Output is unsorted data containing duplicates like the word "It's" and "I'm" as 1-gram or "I'm in heaven" as 3-gram. Sorting them as recommended (sort by occurrence) will put the best at the top, so you can HEAD the output file if the data is too much. Read more: https://en.wikipedia.org/wiki/N-gram

Some recommended commands would be:

gramify.py word <input_file> <output_file> 
gramify.py word <input_file> <output_file> --max-length=32

hashcat -a0 -m0 <hashlist> <output_file> -r <sentence_mangling_rules>
hashcat -a1 -m0 <hashlist> <output_file> <output_file> -j"$ "

Character n-grams (k-grams)

The options offered by the gramify as of version 0.8 are as follows:

gramify.py character <input_file> <output_file> [--min-length=<int>] [--max-length=<int>] [--rolling] --min-length refers to the minimum amount of characters that ngrams should be. Ergo. at least <int> characters (Default: 4) --max-length refers to the maximum amount of characters that ngrams should be. Ergo. at least <int> characters (Default: 8, or 32 if rolling) --rolling explained later

k-grams or character-based n-grams are great for analyzing what passwords start or end with. Therefore it is split up into start mid and end. The start is ideal with hashcat -a6 using it as the input dictionary with mask appended to it On the opposite end is the end which is great with hashcat -a7 using it as the end of the word with a mask prepended to it. Additionally you can use start, mid and end in any combination using -a1 or combinatorX.exe (from hashcat-utils) to combine them back together in any combination available, resulting in probable passwords.

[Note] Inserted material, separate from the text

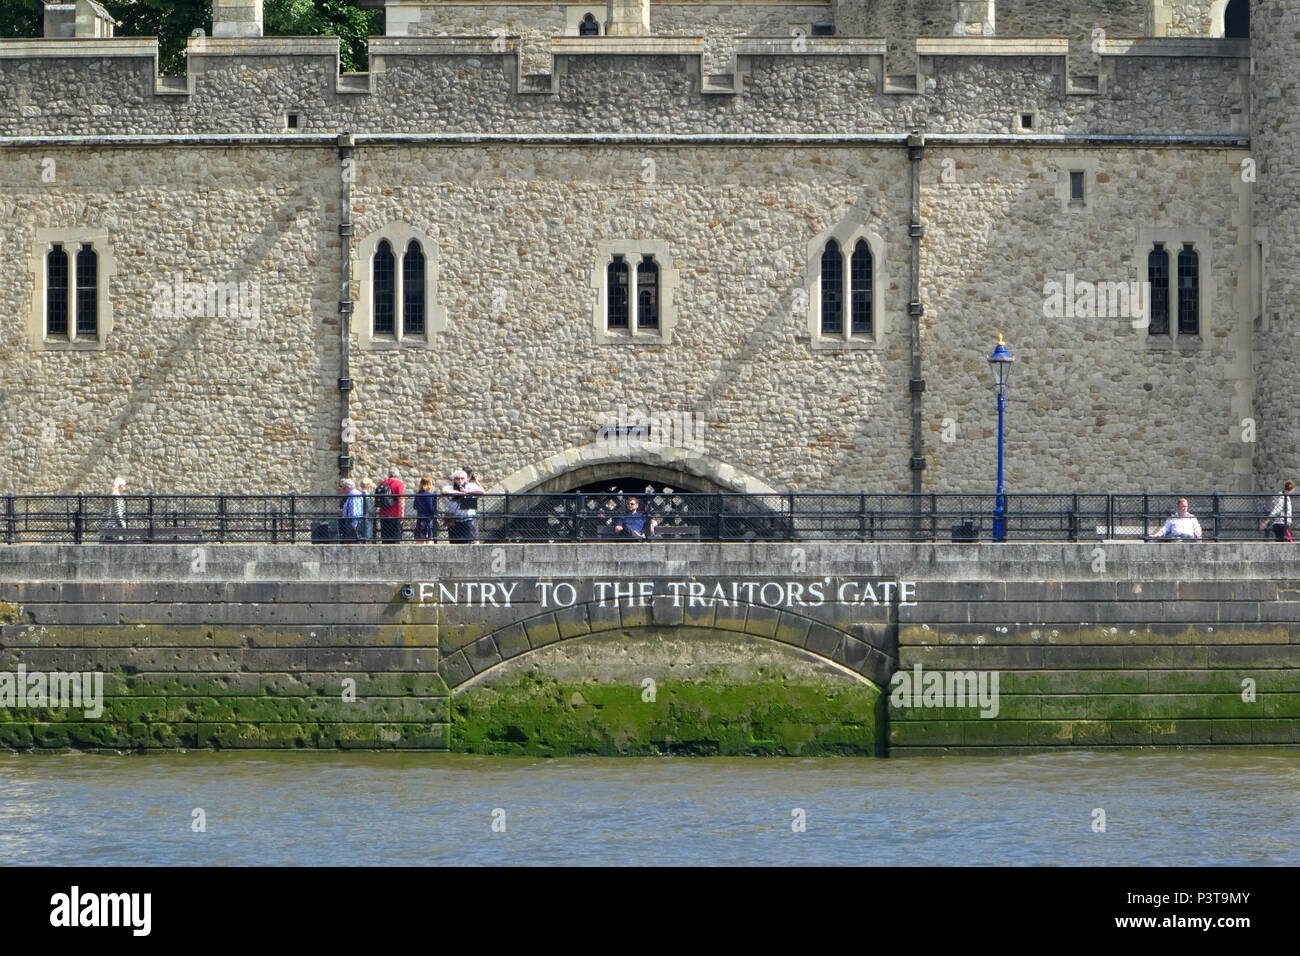 Entry to the Traitors' Gate, Tower of London, London, UK, seen from the river Thames Stock Photo

The start_ will contain ^.{--min-length, --max-length} or everything from the start of the line until everything between --min-length and --max-length. By default this would be the regex: ^.{4,8}

The end_ will contain .{--min-length, --max-length}$ or everything from the start of the line until everything between --min-length and --max-length. By default this would be the regex: .{4,8}$

The mid section will contain the remainder of whatever is availabe: Seeing start, mid and end as separate regex groups you could represent it as this: ^(.{--min-length, --max-length})(.*?)(.{--min-length, --max-length})$

--rolling addresses some of the limitations this has. The benefit of having them split is that you have 3 different parts that each have a specific function. But sometimes you're not looking for the specific start, mid, end but more the classic k-gram as specified before. This would be it. It produces one file that has character-based ngram for all lengths.

Some recommended commands would be:

gramify.py character <input_file> <output_file> 
gramify.py character <input_file> <output_file> --max-length=128           (this would essentially empty out the mid_ file.
gramify.py character <input_file> <output_file> --rolling

hashcat -a0 -m0 <hashlist> start_<output_file> mid_<output_file> end_<output_file> -r <popular rules>
hashcat -a0 -m0 <hashlist> start_<output_file> mid_<output_file> end_<output_file> -r <top_1500.rule> -r <top_1500.rule>
hashcat -a6 -m0 <hashlist> start_<output_file> ?a?a?a?a -i
hashcat -a7 -m0 <hashlist> ?a?a?a?a end_<output_file> -i
hashcat -a1 -m0 <hashlist> start_<output_file> mid_<output_file>
hashcat -a1 -m0 <hashlist> start_<output_file> end_<output_file>
hashcat -a1 -m0 <hashlist> mid_<output_file> start_<output_file>
hashcat -a1 -m0 <hashlist> mid_<output_file> end_<output_file>
hashcat -a1 -m0 <hashlist> end_<output_file> start_<output_file>
hashcat -a1 -m0 <hashlist> end_<output_file> mid_<output_file>

Charset n-grams

gramify.py charset <input_file> <output_file> [--min-length=<int>] [--max-length=<int>] [--mixed]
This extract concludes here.